Deploy the workflow.

Step 3: Build the Ingestion Workflow

This workflow receives documents and stores them in Qdrant.

Add a Webhook Trigger with a test payload:

{
  "text": "Tensorify is a visual backend builder...",
  "metadata": { "source": "docs", "page": 1 }
}

Add a Code node connected to the trigger. This chunks the document:

import os

text = input["body"]["text"]
metadata = input["body"].get("metadata", {})
chunk_size = 500
overlap = 50

chunks = []
for i in range(0, len(text), chunk_size - overlap):
    chunk = text[i:i + chunk_size]
    if chunk.strip():
        chunks.append({
            "text": chunk,
            "metadata": {**metadata, "chunk_index": len(chunks)}
        })

output = {"chunks": chunks}

Add another Code node to generate embeddings and upsert to Qdrant:

import os, json
from urllib.request import Request, urlopen

openai_key = os.environ["OPENAI_API_KEY"]
qdrant_url = os.environ.get("QDRANT_URL", "http://localhost:6333")
qdrant_key = os.environ.get("QDRANT_API_KEY", "")

chunks = input["chunks"]
texts = [c["text"] for c in chunks]

# Generate embeddings via OpenAI
req = Request("https://api.openai.com/v1/embeddings", method="POST",
    headers={"Authorization": f"Bearer {openai_key}", "Content-Type": "application/json"},
    data=json.dumps({"input": texts, "model": "text-embedding-3-small"}).encode())
resp = json.loads(urlopen(req).read())
embeddings = [d["embedding"] for d in resp["data"]]

# Upsert to Qdrant
import uuid
points = [{"id": str(uuid.uuid4()), "vector": emb, "payload": {"text": c["text"], **c["metadata"]}}
          for emb, c in zip(embeddings, chunks)]

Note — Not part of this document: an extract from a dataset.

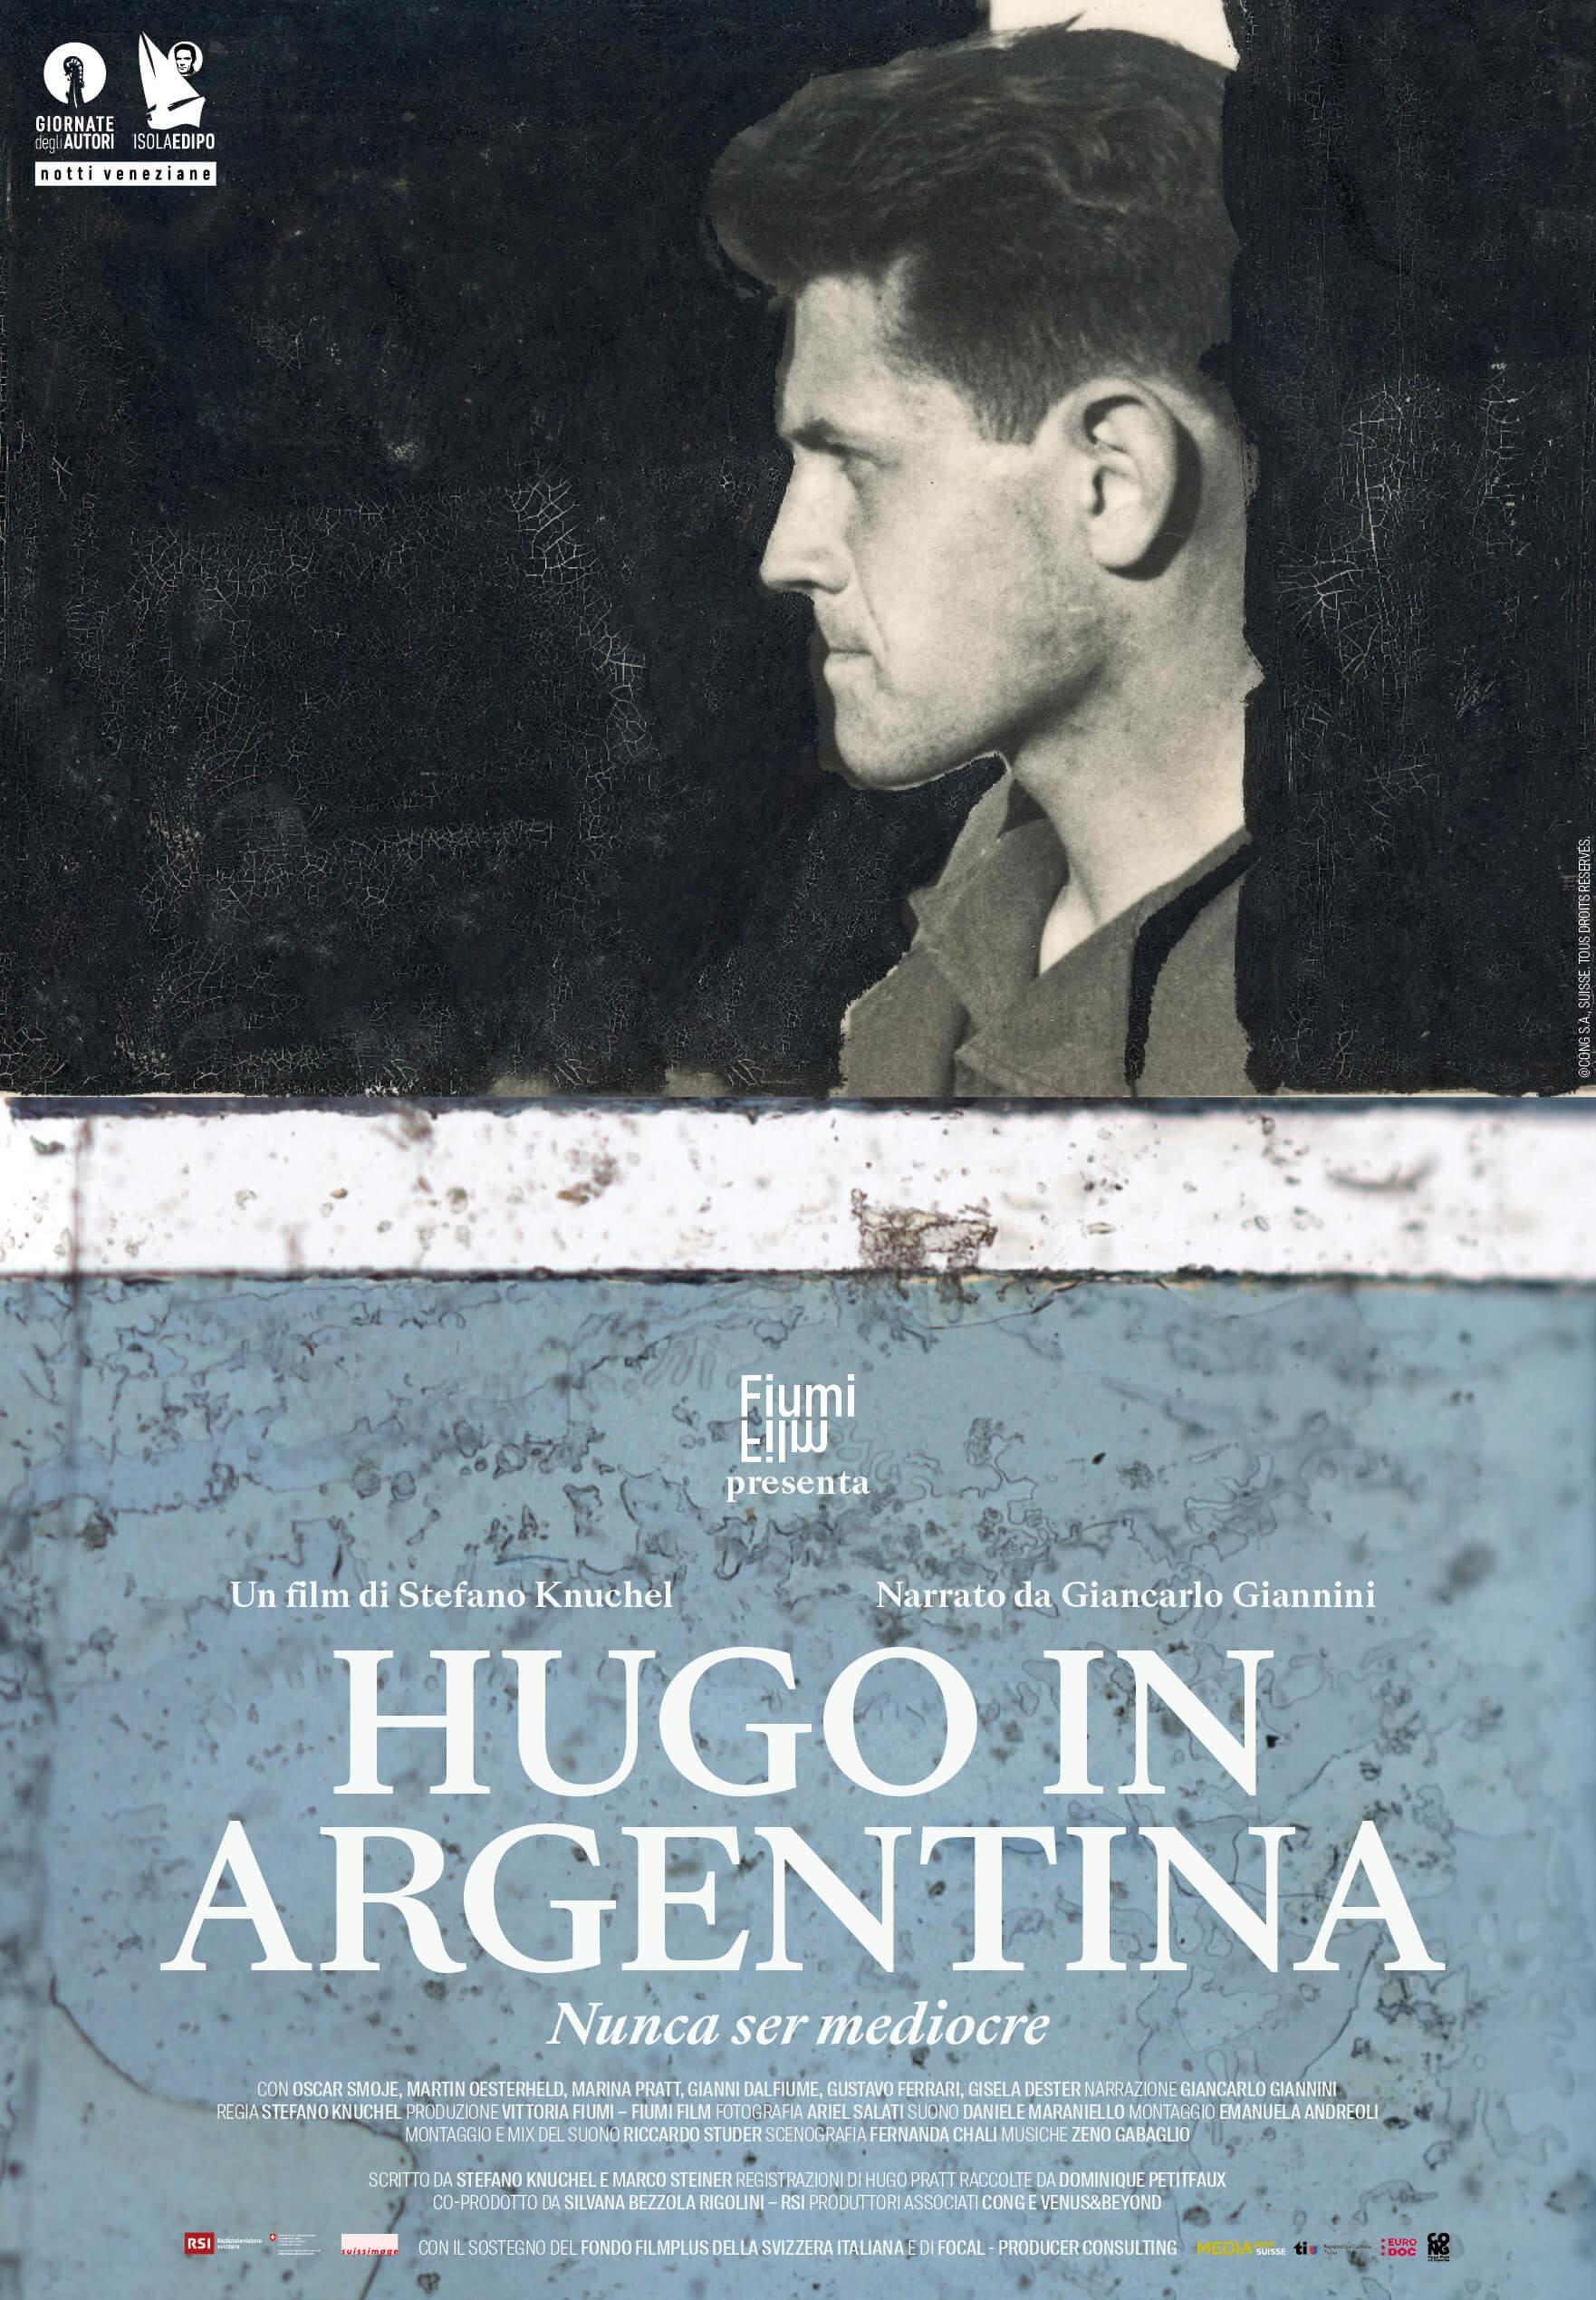 Hugo in Argentina

req = Request(f"{qdrant_url}/collections/my-documents/points", method="PUT",
    headers={"Content-Type": "application/json", **({"api-key": qdrant_key} if qdrant_key else {})},
    data=json.dumps({"points": points}).encode())
urlopen(req)

output = {"upserted": len(points)}

Add a Return node to confirm ingestion.
Deploy and send documents to the webhook URL.

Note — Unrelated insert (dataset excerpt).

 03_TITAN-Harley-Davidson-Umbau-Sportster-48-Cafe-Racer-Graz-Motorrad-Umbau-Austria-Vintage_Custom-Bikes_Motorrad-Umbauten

Step 4: Test with the Playground

Open the Query Workflow's canvas and click the Playground tab. Chat mode activates automatically because the protocol is openai-chat.

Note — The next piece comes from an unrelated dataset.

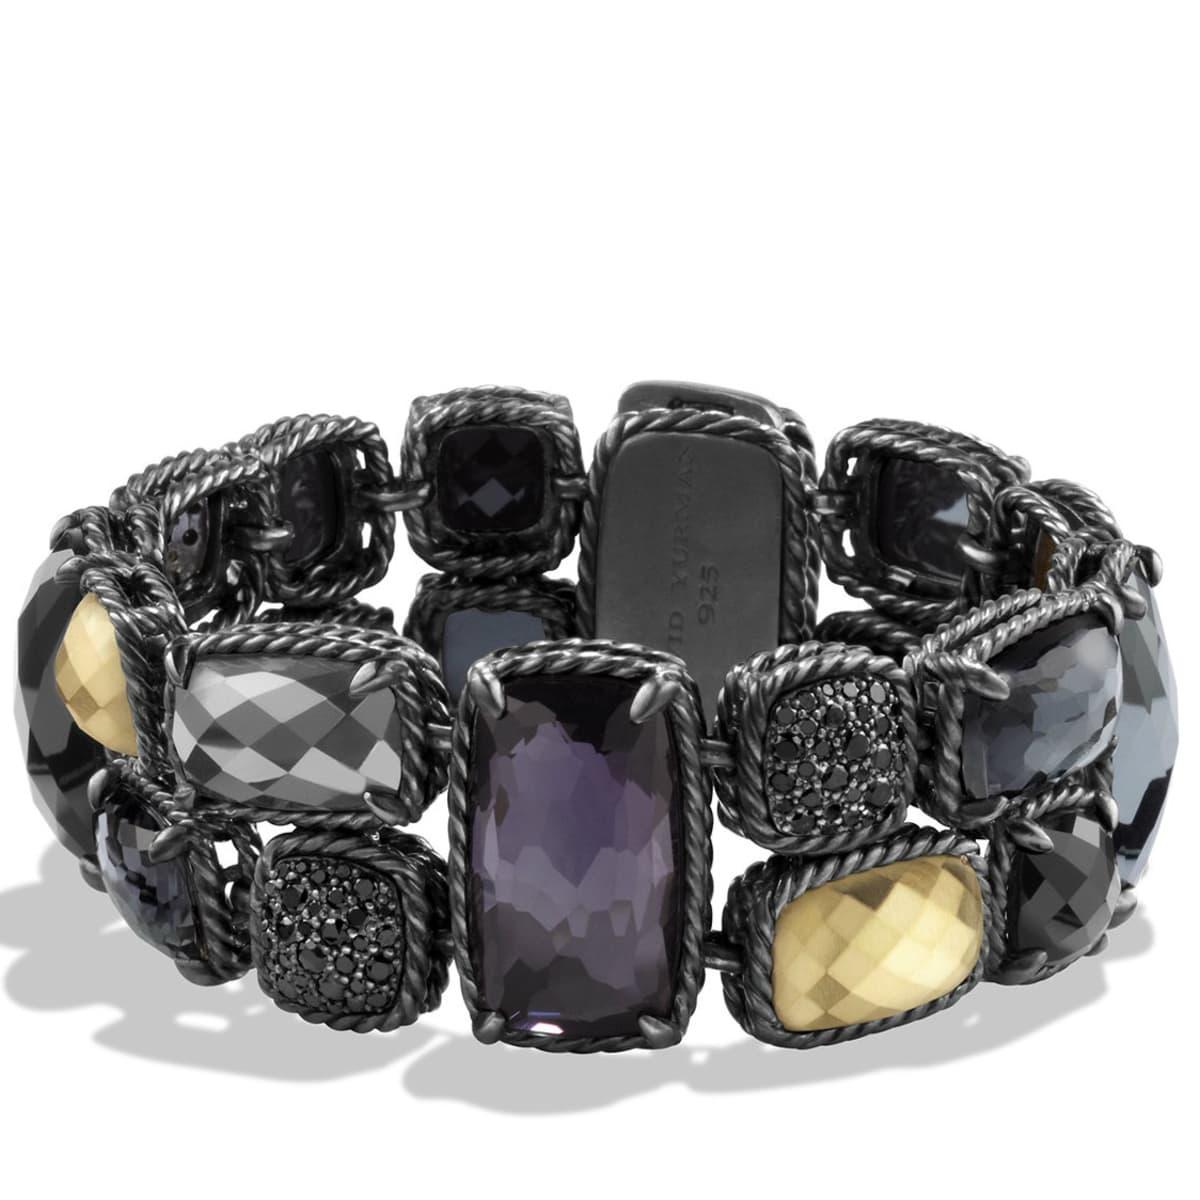 David Yurman Midnight Ice collection bracelet

Ask questions about your ingested documents. The Qdrant Memory plugin automatically performs semantic search on each message, injecting relevant chunks into the agent's context.

Step 5: Connect from Your App

Use any OpenAI SDK:

from openai import OpenAI

client = OpenAI(
    base_url="https://triggers.tensorify.io/h/YOUR_HOOK_ID/v1",
    api_key="your-bearer-token"
)

response = client.chat.completions.create(
    model="rag-agent",
    messages=[{"role": "user", "content": "What is Tensorify?"}],
    stream=True
)
for chunk in response:
    if chunk.choices[0].delta.content:
        print(chunk.choices[0].delta.content, end="")

Alternative: Explicit RAG Pipeline

For more control over the retrieval step, skip the Qdrant Memory plugin and build an explicit pipeline:

API Trigger → Code (preprocess query) → HTTP Request (search Qdrant API) → Transform (format context) → AI Agent → Return

This gives you full control over query preprocessing, filtering, re-ranking, and context formatting.